# Young Chicago couple about to sail around the world!



## windtraveler (Jul 10, 2009)

Hi there!

We are not "new" members, but have not officially introduced ourselves! We are Scott(33) and Brittany Meyers (31) and we are leaving this September aboard our 1975 Hallberg Rassy Rasmus 35' for a 1-3 year "_around-the-marble_" adventure (we don't make solid plans, hence the large window of time, we roll with the punches).

Anyway, we have been blogging about our progress and our plans (I know, I know...not _ANOTHER _sailing blog - but ours is a little different - at least that's what some of our readers tell us), and thought perhaps some of you sailors would be interested in following along? If not - no sweat....but if so, great! Windtraveler.

This forum has been a great source of information for us and we are thankful to ALL the guidance and advice up in here!

Fair winds,
Brittany & Scott


----------



## JohnRPollard (Mar 26, 2007)

Hey, good luck on the voyage (and congrats on the nuptials). Maybe send us some updates from along the way.
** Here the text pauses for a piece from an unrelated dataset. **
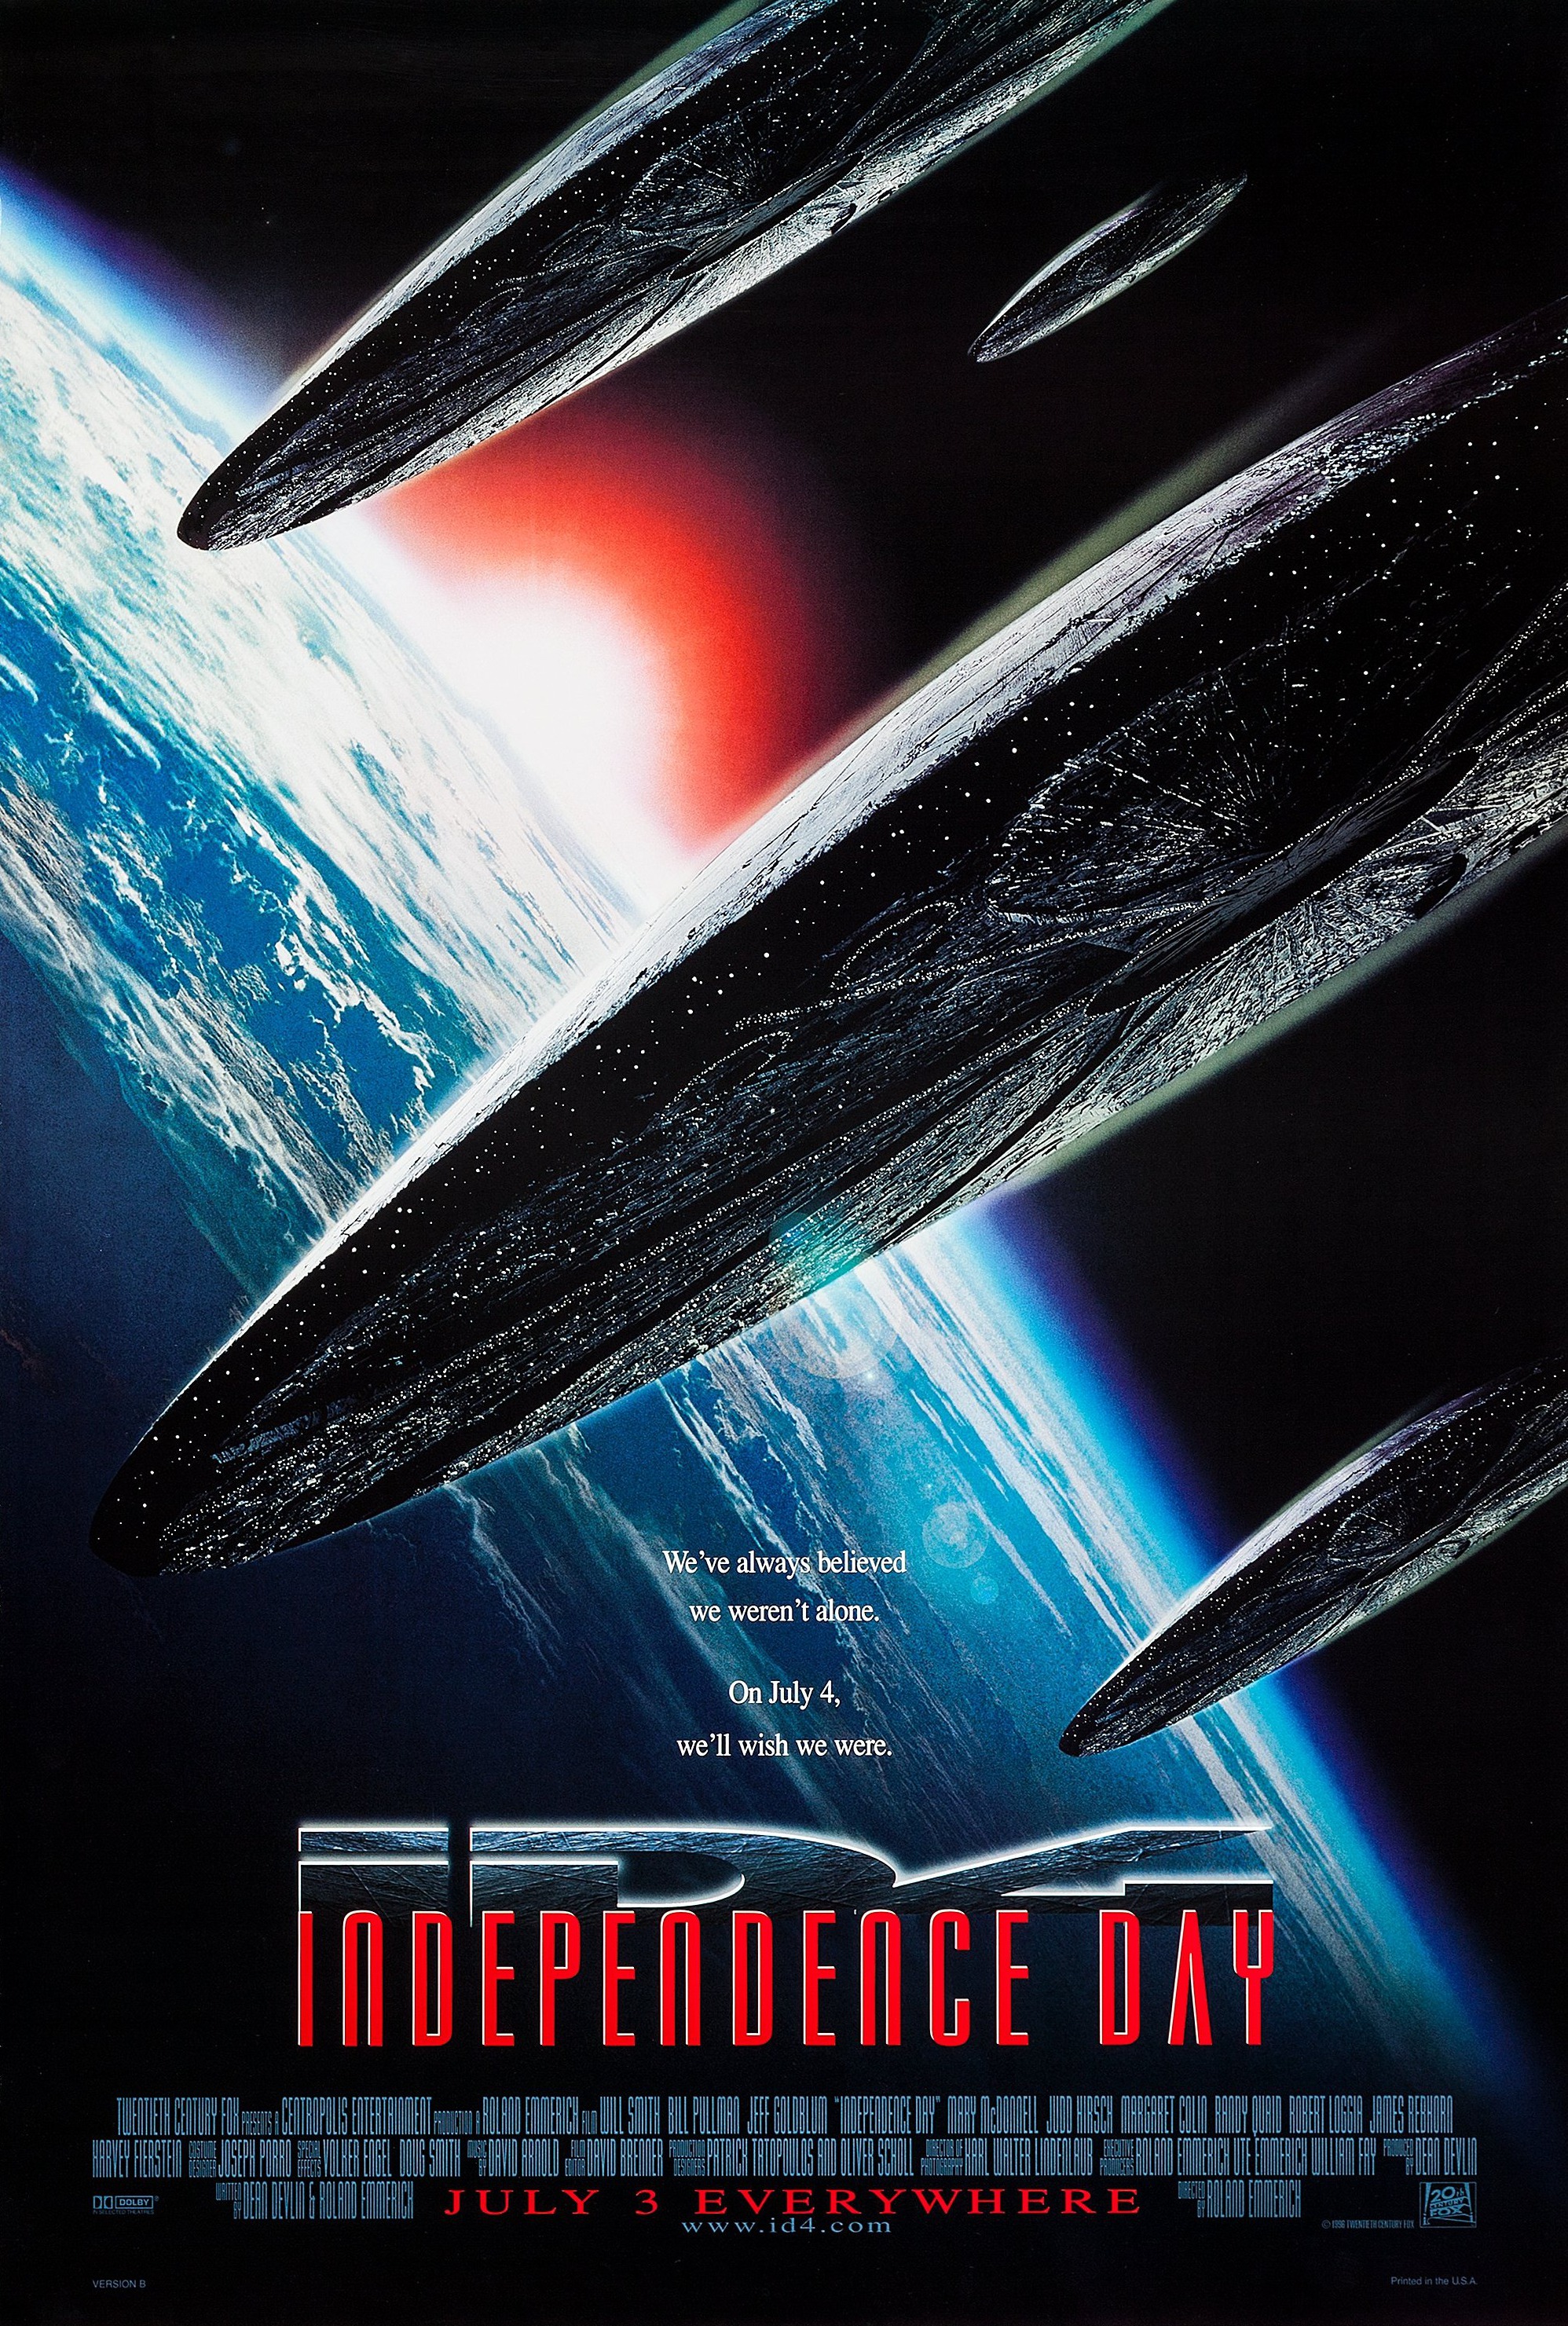 Mega Sized Movie Poster Image for Independence Day (#2 of 4)

Are you leaving from Chicago in September, or will the boat be further south by then? I know you're not on a hard/fast itinerary, but what is your initial route for the first few months?


----------



## GMC (Sep 14, 2009)

It is a great blog. You're a good writer(s). Hope you keep it current as you go. Good luck.


----------



## cmhenry (Aug 12, 2010)

Awesome story and Great writing,
Good luck


----------



## rgscpat (Aug 1, 2010)

*Congratulations!*

Congratulations on your boat, upcoming adventure, nuptials, and life together! That's a lot of adventure.

Out of curiosity, how long do you expect the Erie Canal and Atlantic Intercoastal Waterway segments to take, with lock schedules, re-rigging the boat, bridge openings, traffic, weather, and just plain exploring?


----------